The predicted target genes above were input into the Database for Annotation. Base on the latest KEGG (Kyoto Encyclopedia of Genes and Genomes, http://www.genome.jp/kegg) database, we performed pathway analysis for differentially expressed mRNAs. This analysis allowed to determine the biological pathway that there is a significant enrichment of differentially expressed genes. Furthermore, we also used the Visualization and Integrated Discovery (DAVID; http://david.abcc.ncifcrf.gov/) and BioCarta (http://www.biocarta.com) to analyze the potential functions of these target genes in the pathways. The P-value denotes the significance of the Pathway. The less the P-value is, the more significant the Pathway is (The P-value cut-off is 0.05).
All data were expressed as mean ± standard deviation. Statistical analysis was performed using Student's t-test to compare two variables of microarray data. For example, the statistical significance of a microarray result was analyzed by fold change, and a difference with P<0.05 was considered statistically significant. The false discovery rate was also calculated to correct the P value. The threshold value we used to screen differentially expressed lncRNAs and mRNAs was a fold change ≥2.0 (P<0.05). Furthermore, a differential expression of each lncRNA between sheared and the non-sheared endothelial cells was analyzed using Student's t-test with SPSS (Version 16.0 SPSS, Chicago, IL, USA). P<0.05 was considered significant.

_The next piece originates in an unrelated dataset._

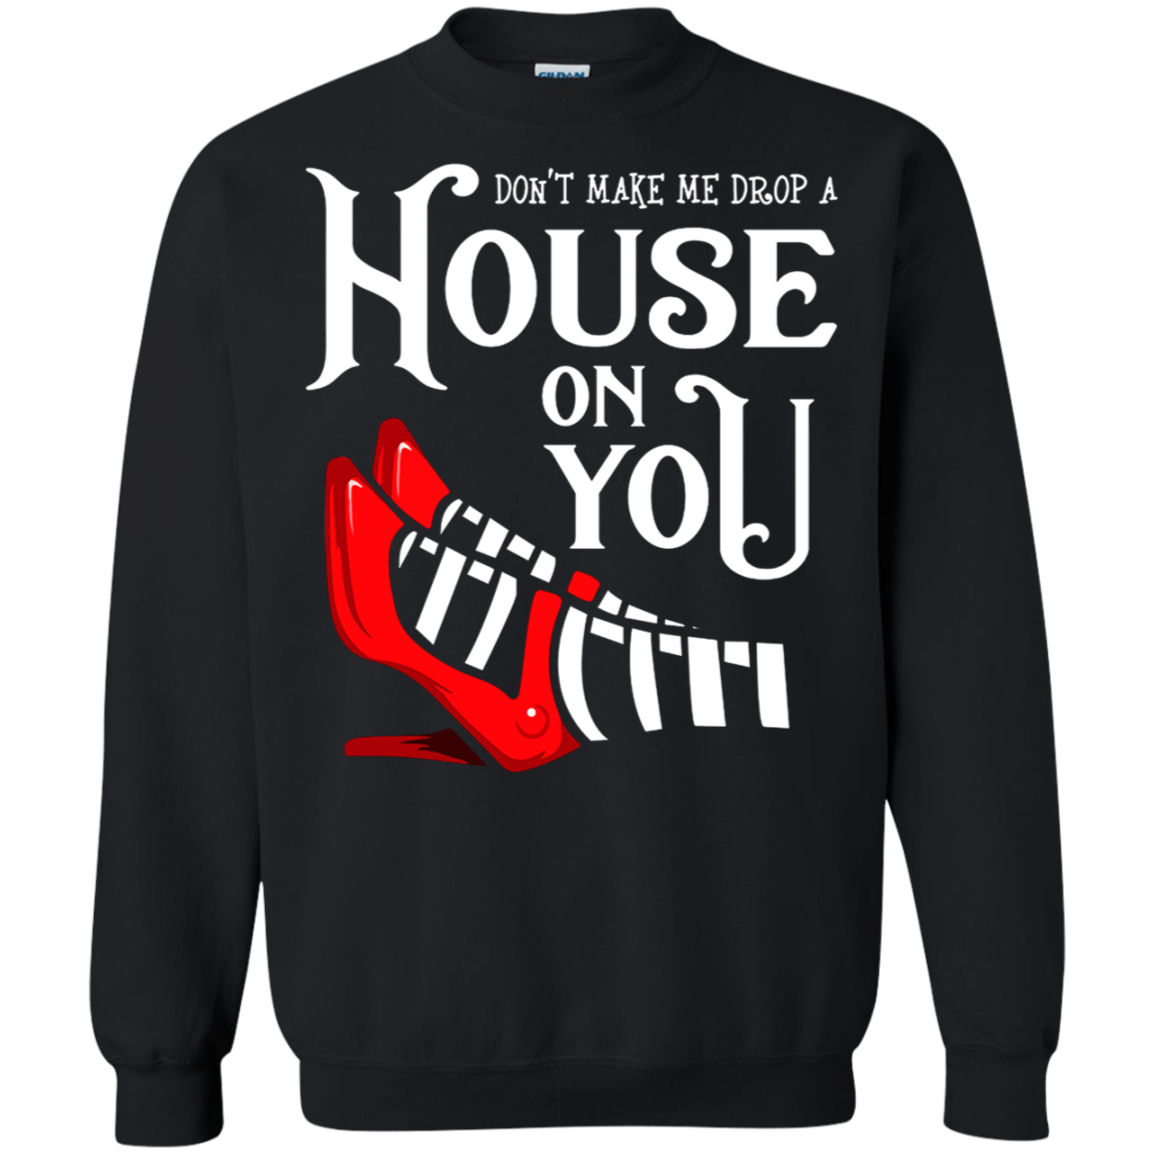 Donâ™t Make Me Drop A House On You Halloween Shirt G180 Crewneck Pullover 8 Oz.

Differentially expressed lncRNAs in endothelial cells
To profile differentially expressed lncRNAs in endothelial cells, we performed a genome-wide analysis of lncRNA and mRNA expression in endothelial cells after treated by low shear stress for 120 min and normal endothelial cells (Figure 1). Using the authoritative data sources, we found that 149 lncRNAs were differentially expressed (fold change ≥2.0, P<0.05) between sheared and normal emdothelial cells. Among them, 64 lncRNAs were upregulated (more than two-fold in sheared vs. the normal cells) and 85 lncRNAs were downregulated (more than two-fold; P<0.05; Table S1). Furthermore, we performed a step-wise genome analysis according to p value. At p value<0.01(more than two-fold), 29 lncRNA were upregulated, with 33 downregulated. When strict criterion (p value<0.005) was used, only 5 lncRNA were upregulated and 8 lncRNA were downregulated (more than two-fold). Finally, when our strict criteria (p value<0.005, FDR<15% and fold-change>2.0) were used, upregulated lncRNAs were C17orf76-AS1, BC079832, and LEF1-AS1; downregulated lncRNA included XLOC-007914 and RP11-473M20.16 (Table S1).
Differentially expressed mRNAs in endothelial cells
In a similar way, we found that 109 mRNAs were differentially expressed (more than two-fold, p<0.05) between sheared and normal endothelial cells (Table S2). Of them, 79 mRNAs were upregulated and 30 downregulated (p<0.05). When p value was designed as less 0.01, 9 mRNAs were upregulated and 7 downregulated, respectively. Finally, by our stric criterion (p<0.005), 6 mRNAs were upregulated and 5 downregulated. We found 84 matched lncRNA-mRNA pairs for 62 differentially expressed lncRNAs and 35 differentially expressed mRNAs (Table S3).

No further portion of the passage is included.